Exercise description: When you reach the line that holds "Our Panono 360°", start copying exactly and keep going through the final line of the data, leaving out pictures.

Given information:
· · · ·

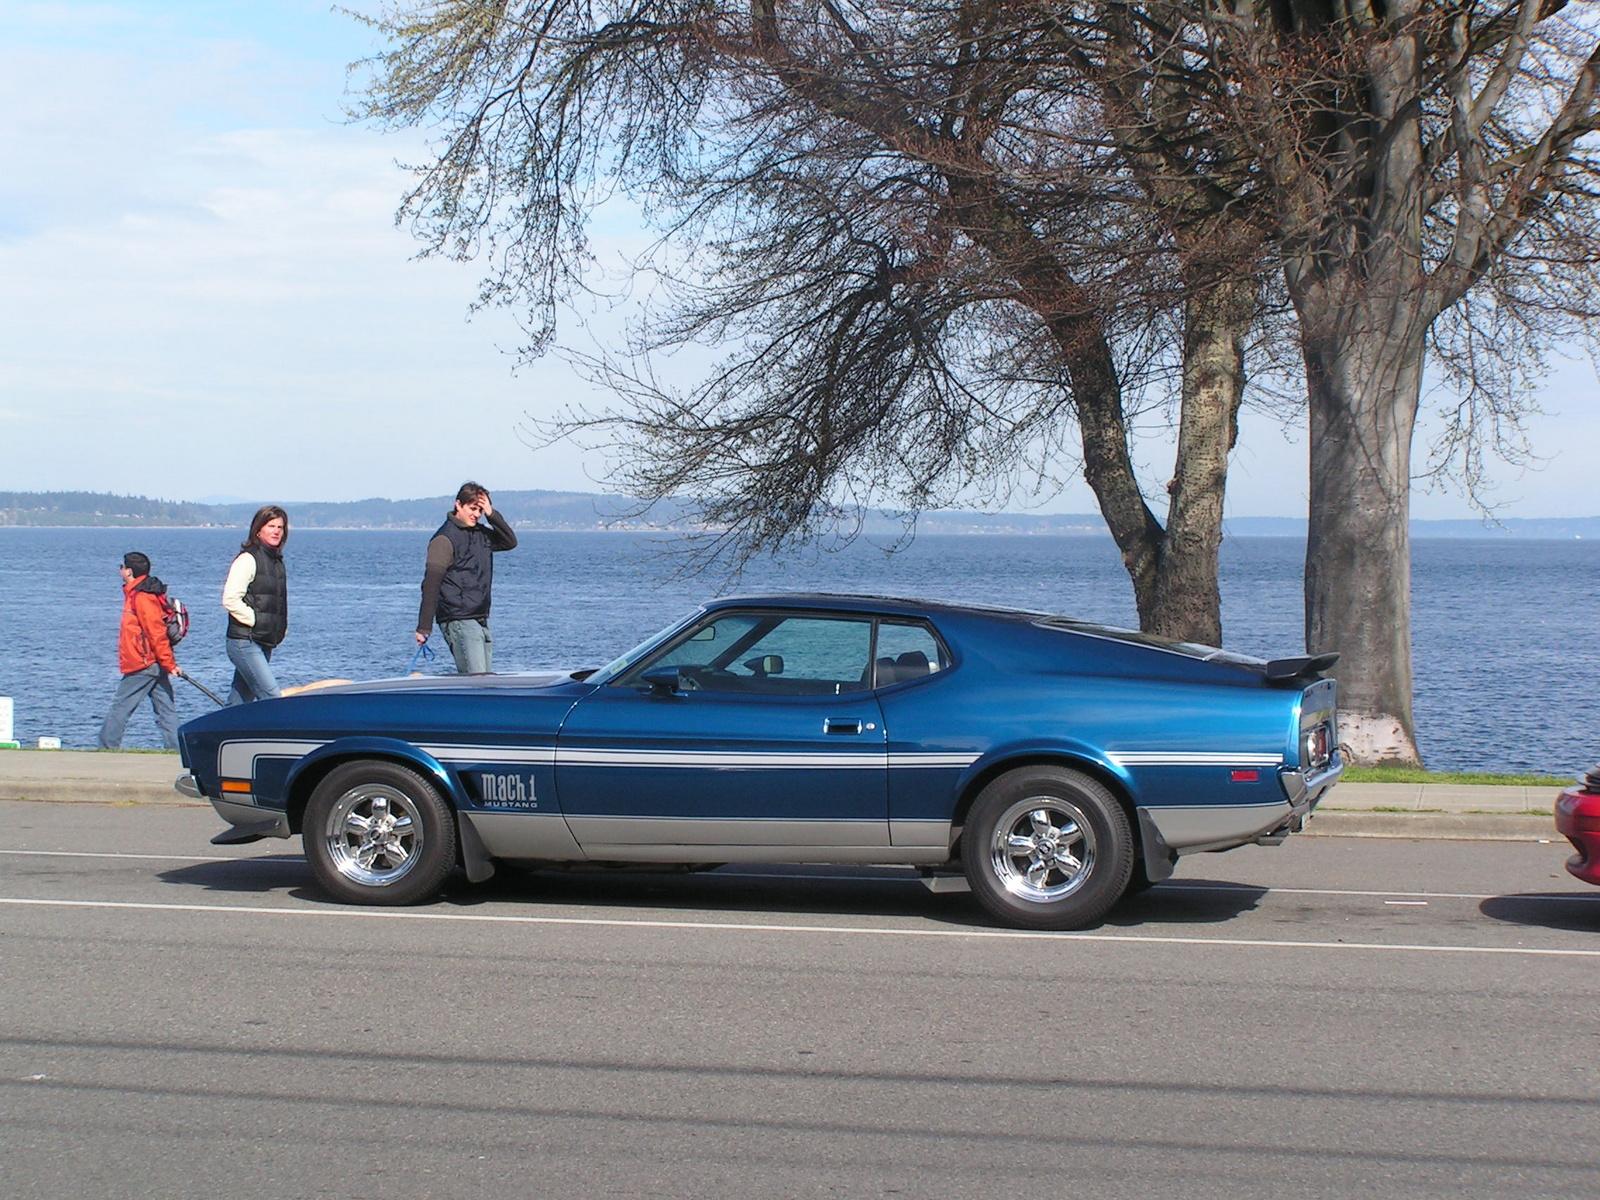 1971 Ford Mustang Mach 1, Seattle WA.
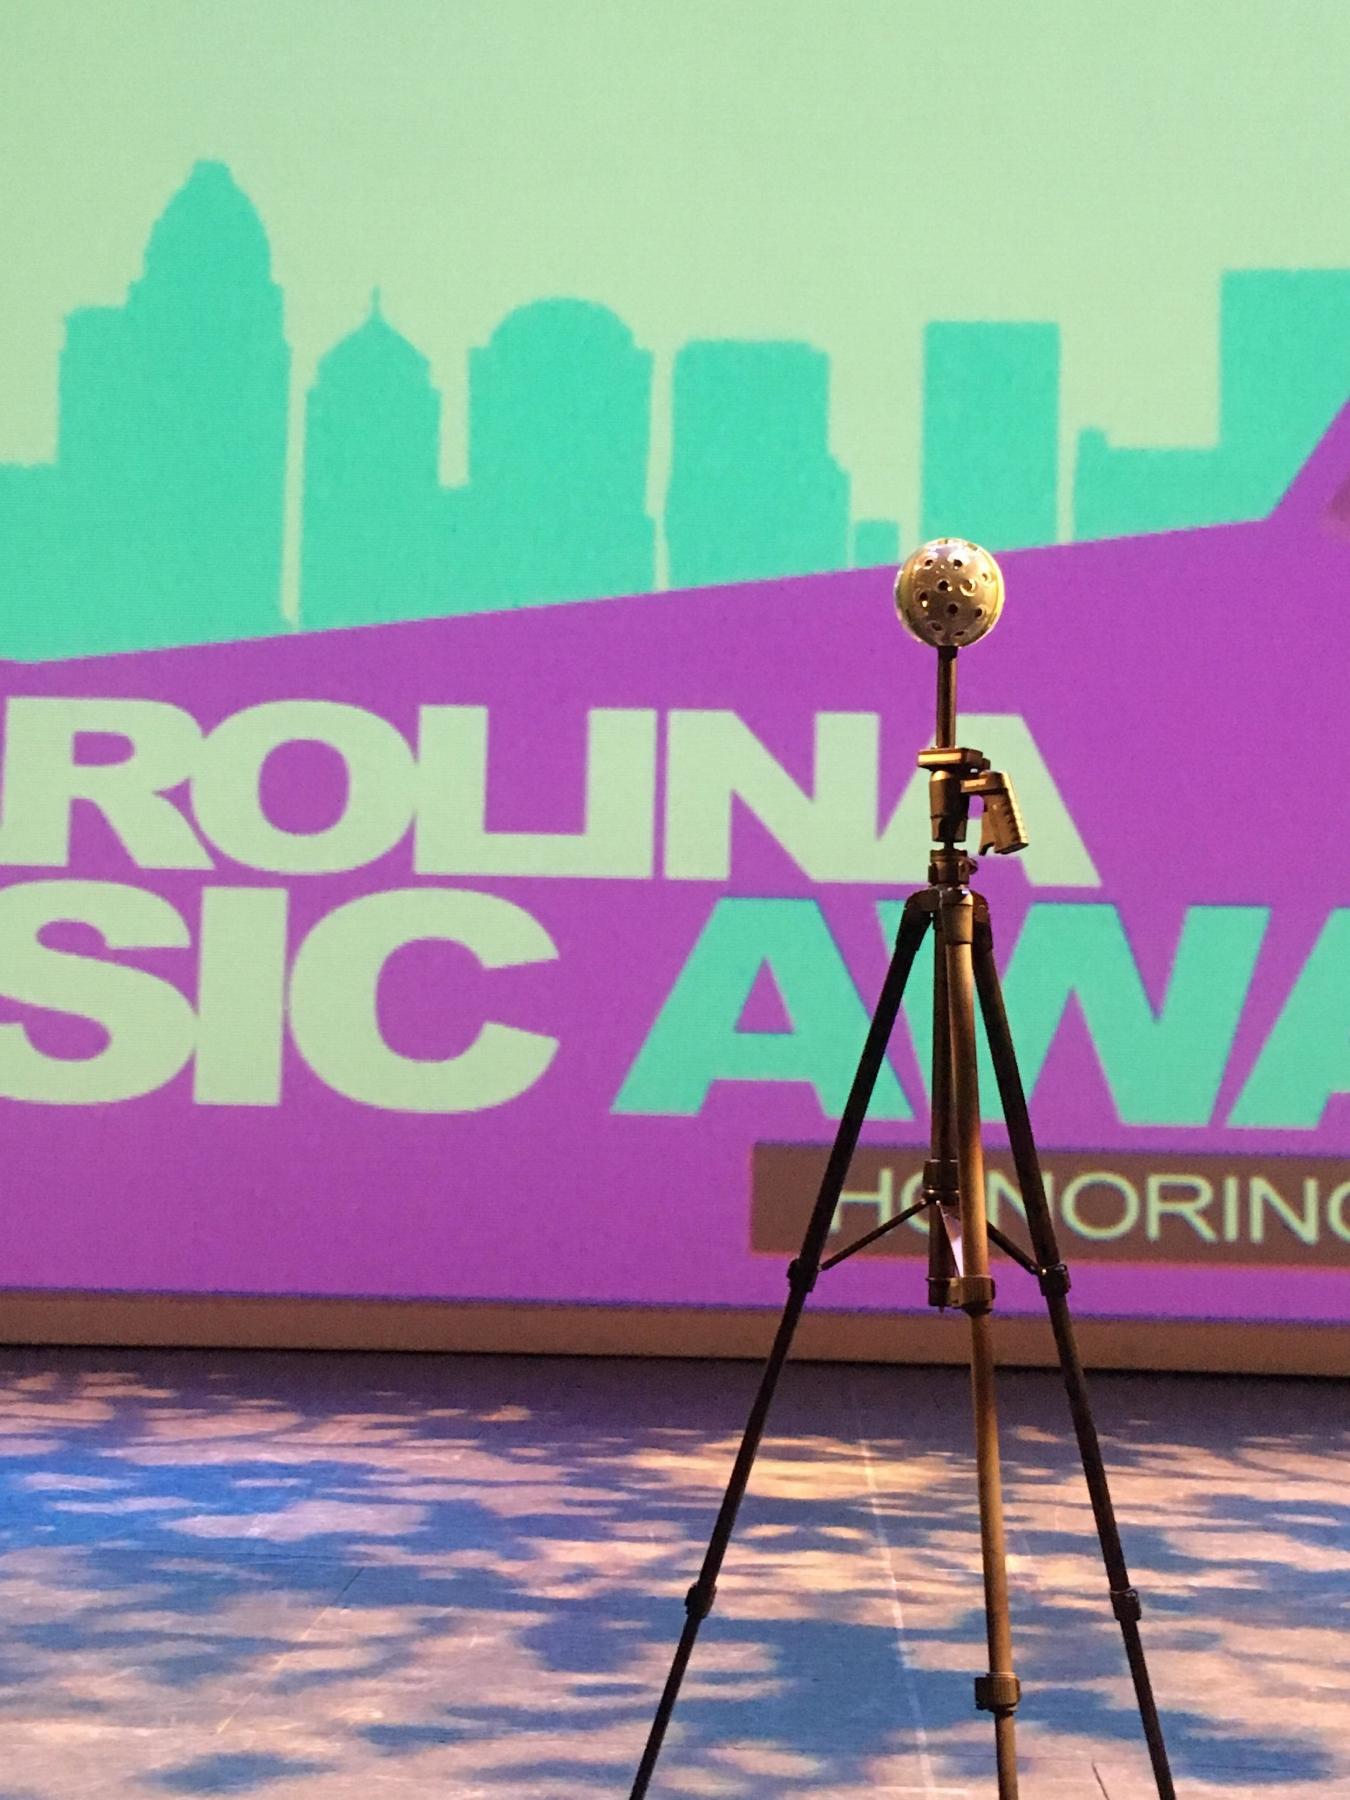 Our Panono 360° camera on stage at the Carolina Music Awards
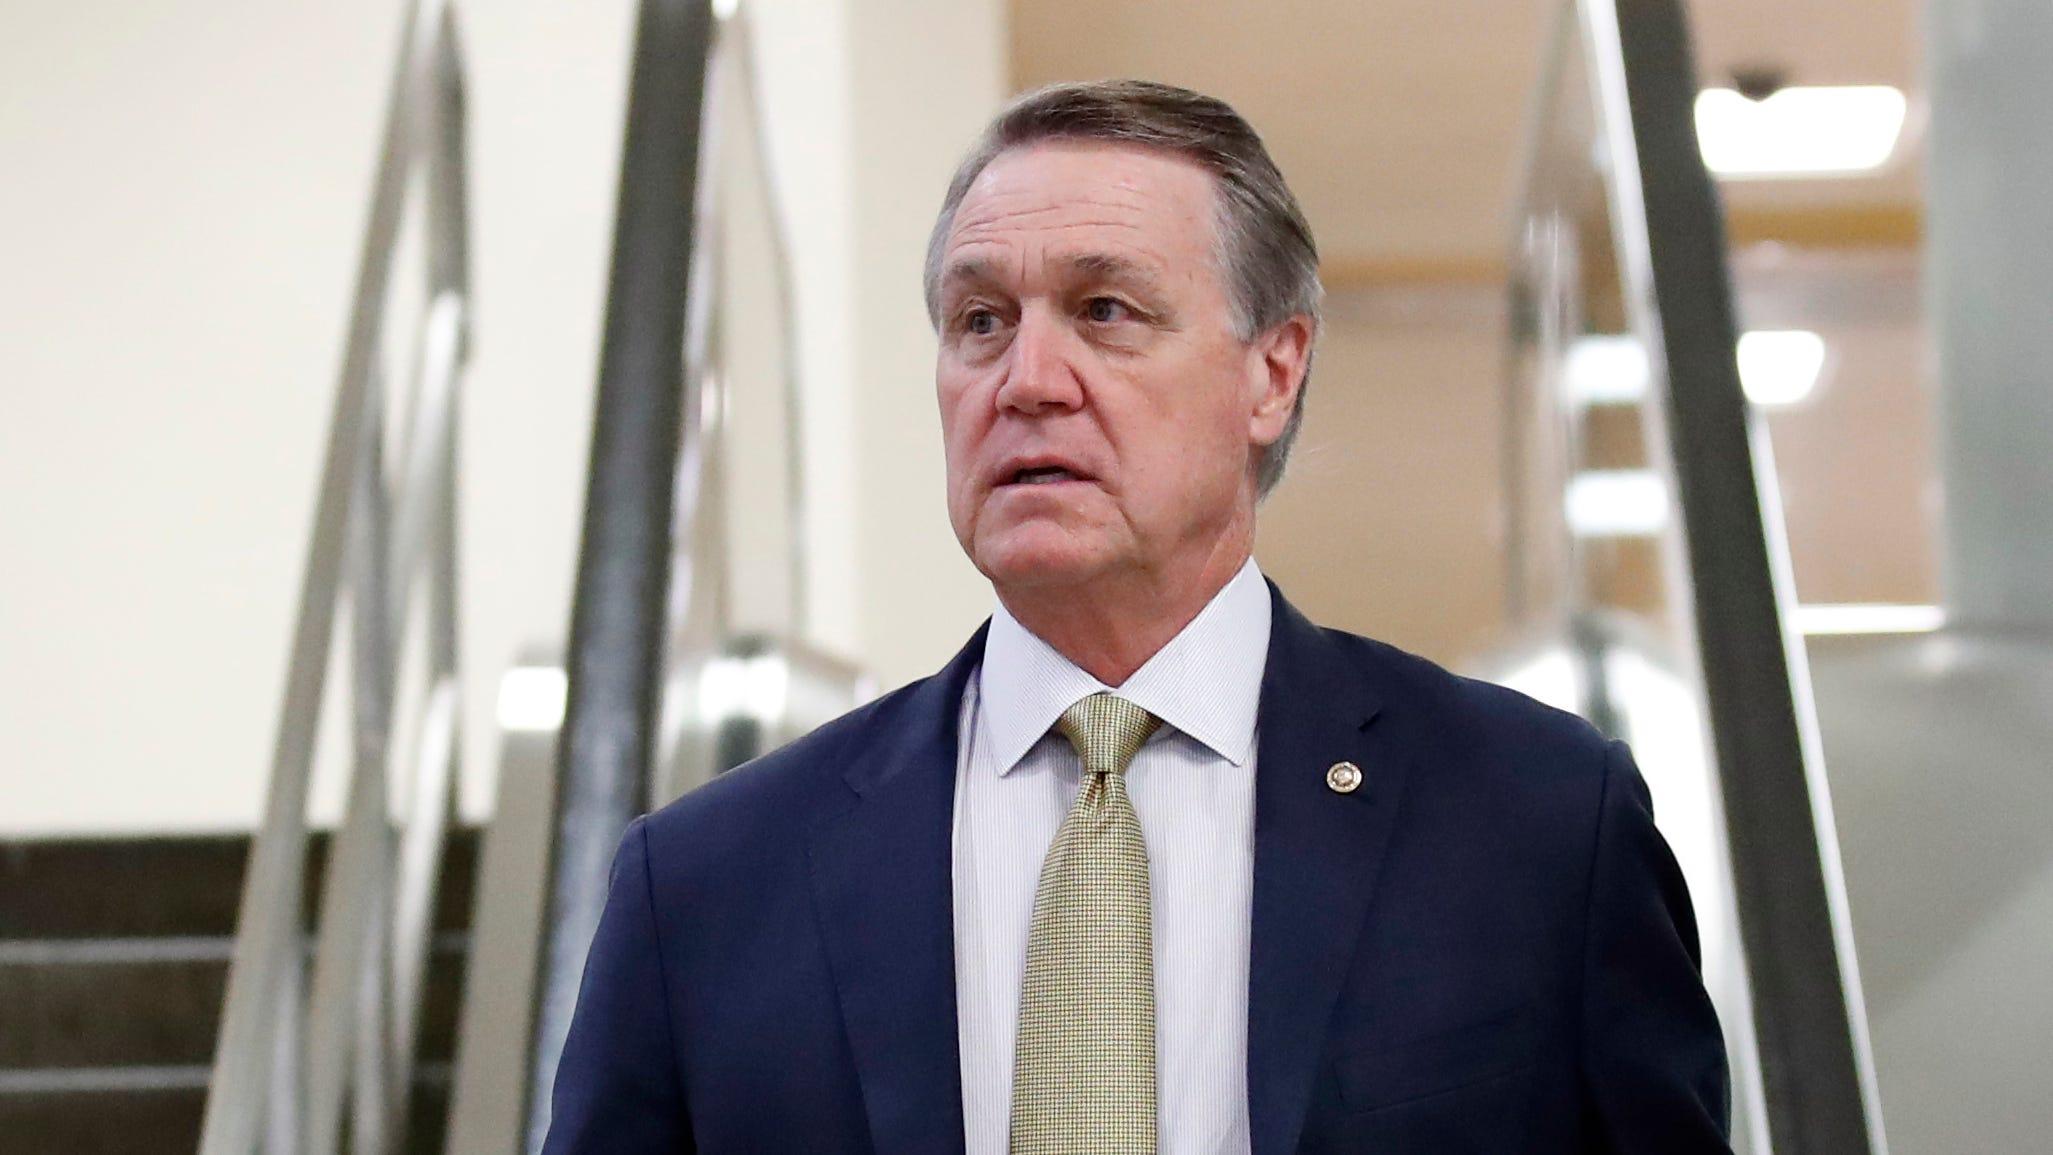 Sen. David Perdue, R-Ga., arrives on Capitol Hill, in Washington on Oct. 4, 2018.

· · · ·

Written response:
 Our Panono 360° camera on stage at the Carolina Music Awards
 Sen. David Perdue, R-Ga., arrives on Capitol Hill, in Washington on Oct. 4, 2018.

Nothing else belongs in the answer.